作者:Eichmann Cédric , Campioni Silvia , Kowal Julia , Maslennikov Innokentiy , Gerez Juan , Liu Xiaoxia , Verasdonck Joeri , Nespovitaya Nadezhda , Choe Senyon , Meier Beat H , Picotti Paola , Rizo Josep , Stahlberg Henning , Riek Roland
期刊:The Journal of biological chemistry
日期:2016-02-04
DOI :10.1074/jbc.M115.707968
Multiple neurodegenerative diseases are caused by the aggregation of the human α-Synuclein (α-Syn) protein. α-Syn possesses high structural plasticity and the capability of interacting with membranes. Both features are not only essential for its physiological function but also play a role in the aggregation process. Recently it has been proposed that α-Syn is able to form lipid-protein particles reminiscent of high-density lipoproteins. Here, we present a method to obtain a stable and homogeneous population of nanometer-sized particles composed of α-Syn and anionic phospholipids. These particles are called α-Syn lipoprotein (nano)particles to indicate their relationship to high-density lipoproteins formed by human apolipoproteins in vivo and of in vitro self-assembling phospholipid bilayer nanodiscs. Structural investigations of the α-Syn lipoprotein particles by circular dichroism (CD) and magic angle solid-state nuclear magnetic resonance (MAS SS-NMR) spectroscopy establish that α-Syn adopts a helical secondary structure within these particles.

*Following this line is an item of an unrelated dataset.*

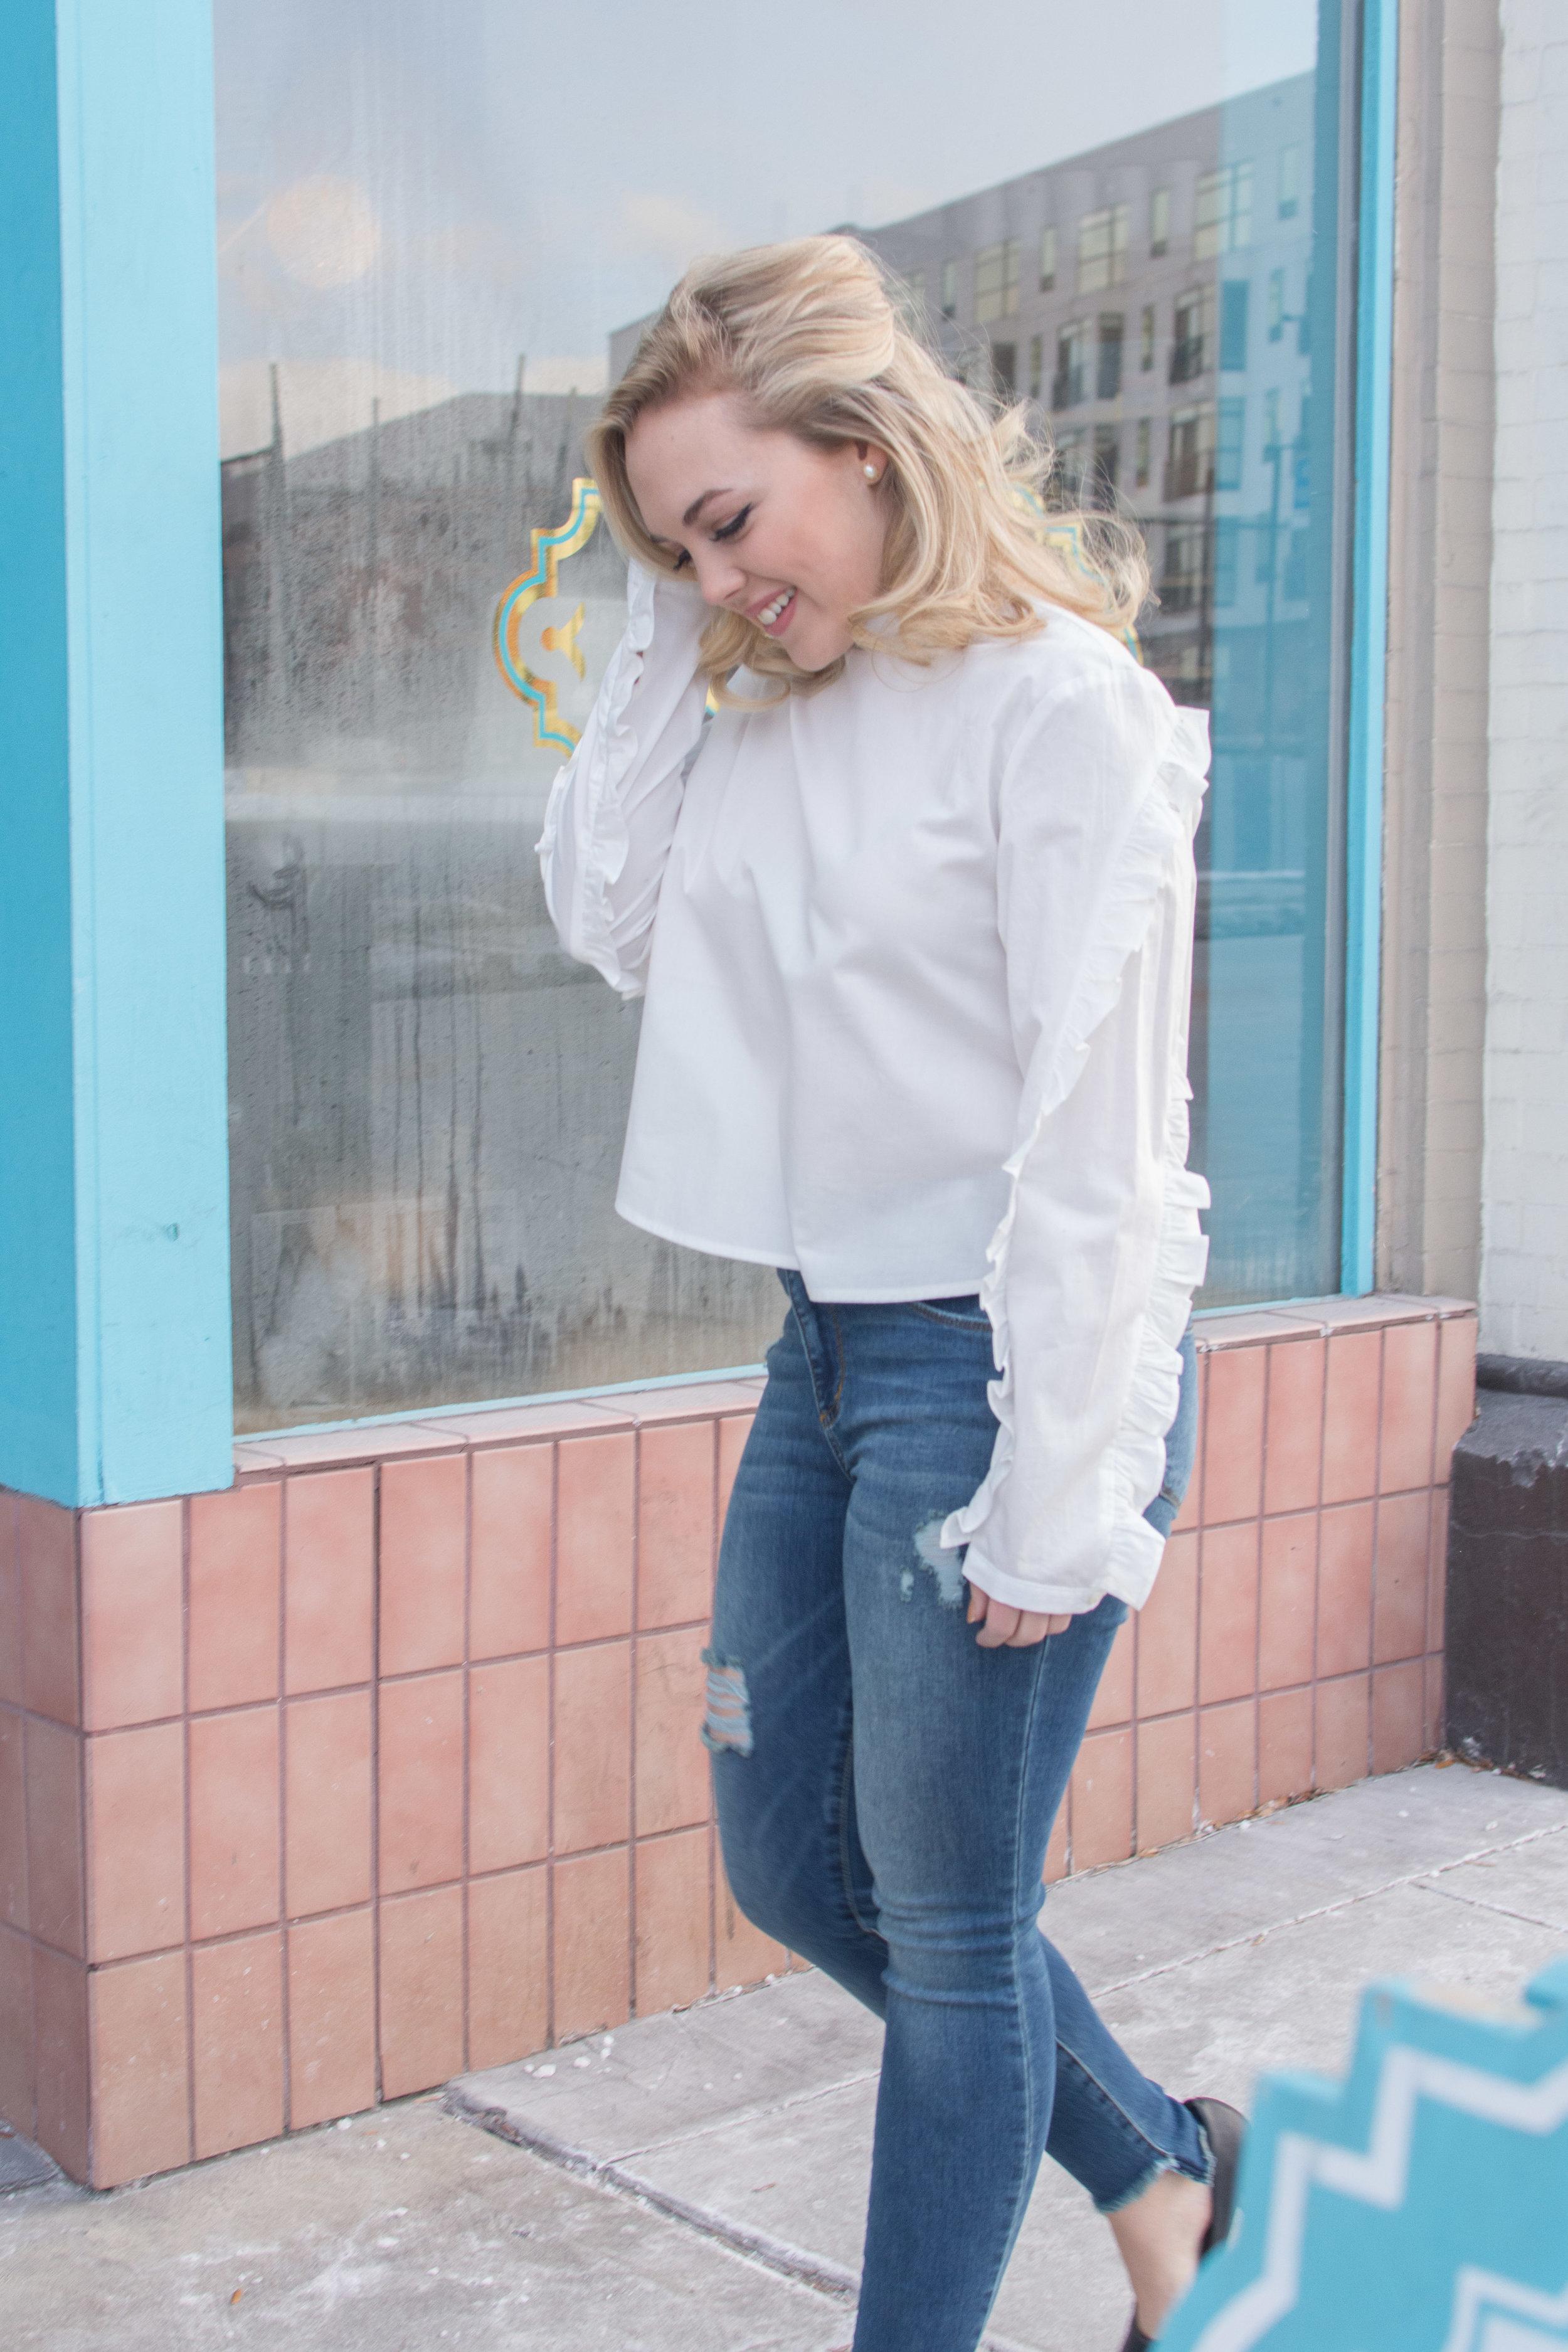 Avec les filles blouse (Sold out, but similar   here  ),   STS blue jeans  , vintage earrings, Kmart shoes (old)

Based on cryo-electron microscopy (cryo-EM) and dynamic light scattering (DLS) α-Syn lipoprotein particles have a defined size with a diameter of ∼23 nm. Chemical cross-linking in combination with solution-state NMR and multiangle static light scattering (MALS) of α-Syn particles reveal a high-order protein-lipid entity composed of ∼8-10 α-Syn molecules. The close resemblance in size between cross-linked in vitro-derived α-Syn lipoprotein particles and a cross-linked species of endogenous α-Syn from SH-SY5Y human neuroblastoma cells indicates a potential functional relevance of α-Syn lipoprotein nanoparticles.